Hukum Dagang Internasional menurut Definisi Schmitthoff adalah sekumpulan aturan yang
mengatur hubungan-hubungan komersial yang sifatnya perdata. Aturan aturan hukum tersebut
mengatur transaksi-transaksi yang berbeda negara. Definisi di atas menunjukkan dengan jelas
bahwa aturan-aturan tersebut bersifat komersial. Schmitthoff menegaskan bahwa ruang
lingkup bidang hukum ini tidak termasuk hubungan- hubungan komersial internasional
dengan ciri hukum publik. Termasuk dalam bidang hukum publik ini, yakni aturan-aturan
yang mengatur tingkah laku atau perilaku negara-negara dalam mengatur perilaku
perdagangan yang memengaruhi wilayahnya.

Kontrak dagang sendiri merupakan perjanjian antara dua atau lebih pihak yang mempunyai
komersial tertentu Dimana ada unsur asing di dalamnya. Pihak dalam kontrak dagang
internasional harus subyek hukum yang punya kemampuan bertindak dihadapan hukum,
dalam penyusunannya tidak boleh bertentangan dengan hukum materil para pihak dan hukum
formil Dimana perjanjian tersebut ditandatangani dan berlaku.
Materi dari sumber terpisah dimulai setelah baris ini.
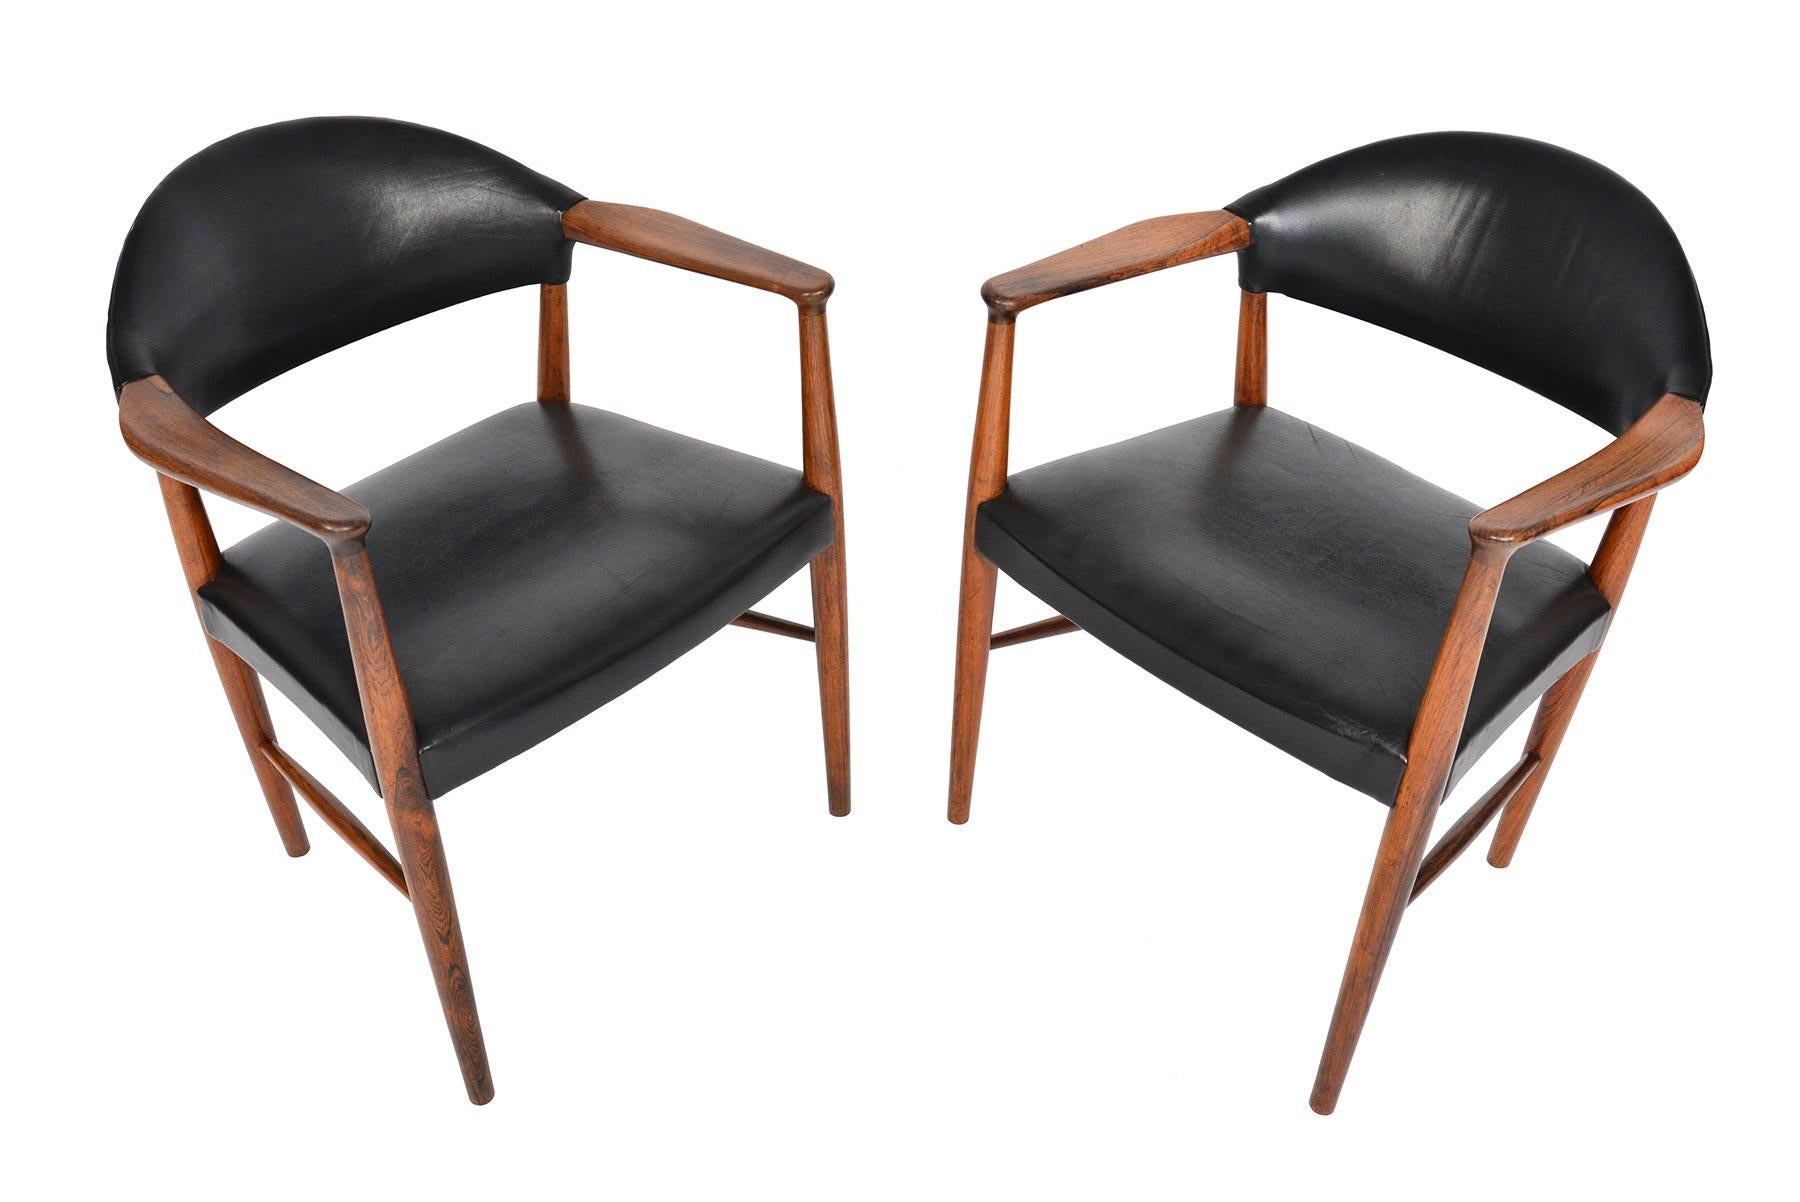 Designed by Kurt Olsen for Slagelse Møbelværk in 1955, this pair of armchairs model 223 offer a design that is both timeless and modern. Crafted in beautiful Brazilian rosewood, chairs wear their original patinated black leather covers. Originally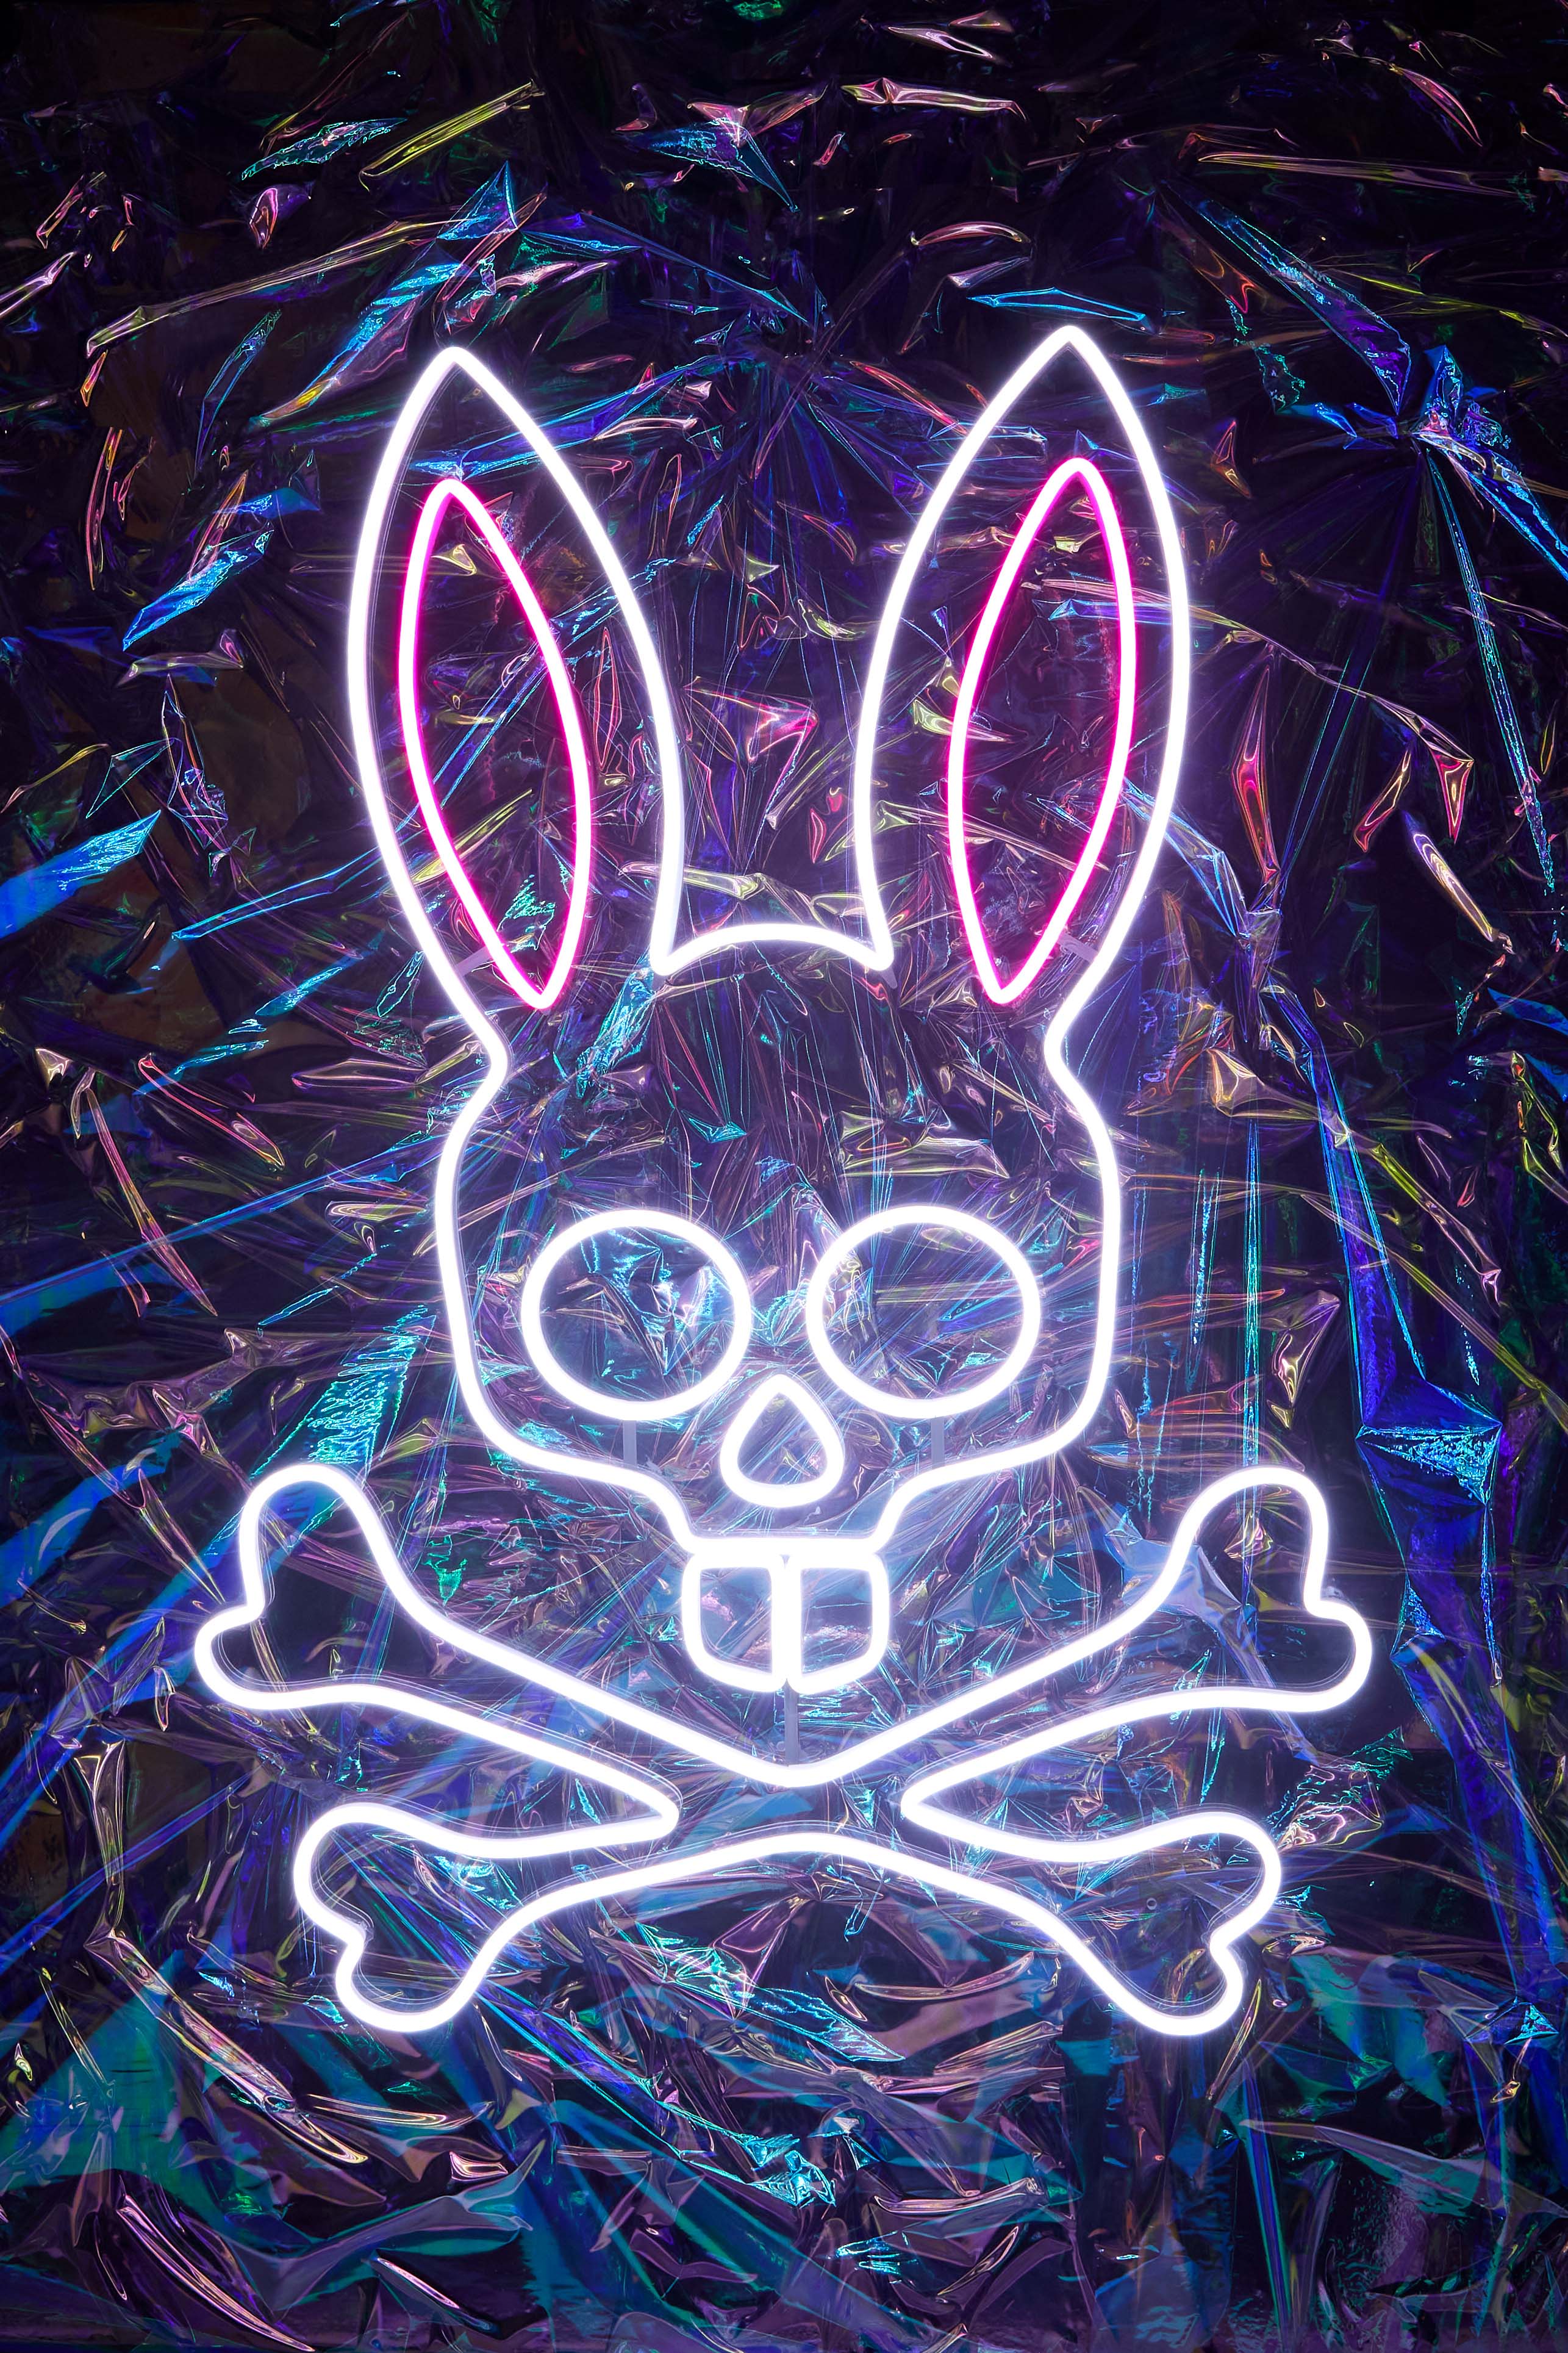 Psycho Bunny behalf of the Psycho Bunny family we'd like to wish you a Happy New Year! We're leaving behind a pretty crazy & unexpected year, but we know

Secara teoritis, unsur asing
yang ada dalam suatu kontrak internasional adalah:
a.Kebangsaan yang berbeda;
b.Para pihak memiliki domisili hukum yang berbeda;
c.Hukum yang dipilih adalah hukum asing;
d.Pelaksanaan kontrak di luar negeri;
e.Penyelesaian sengketa kontrak di luar negeri;
f.Kontrak tersebut ditandatangani di luar negeri;
g.Obyek kontrak di luar negeri;
h.Bahasa yang digunakan dalam kontrak adalah bahasa asing;
i.Digunakannya mata uang asing dalam kontrak tersebut.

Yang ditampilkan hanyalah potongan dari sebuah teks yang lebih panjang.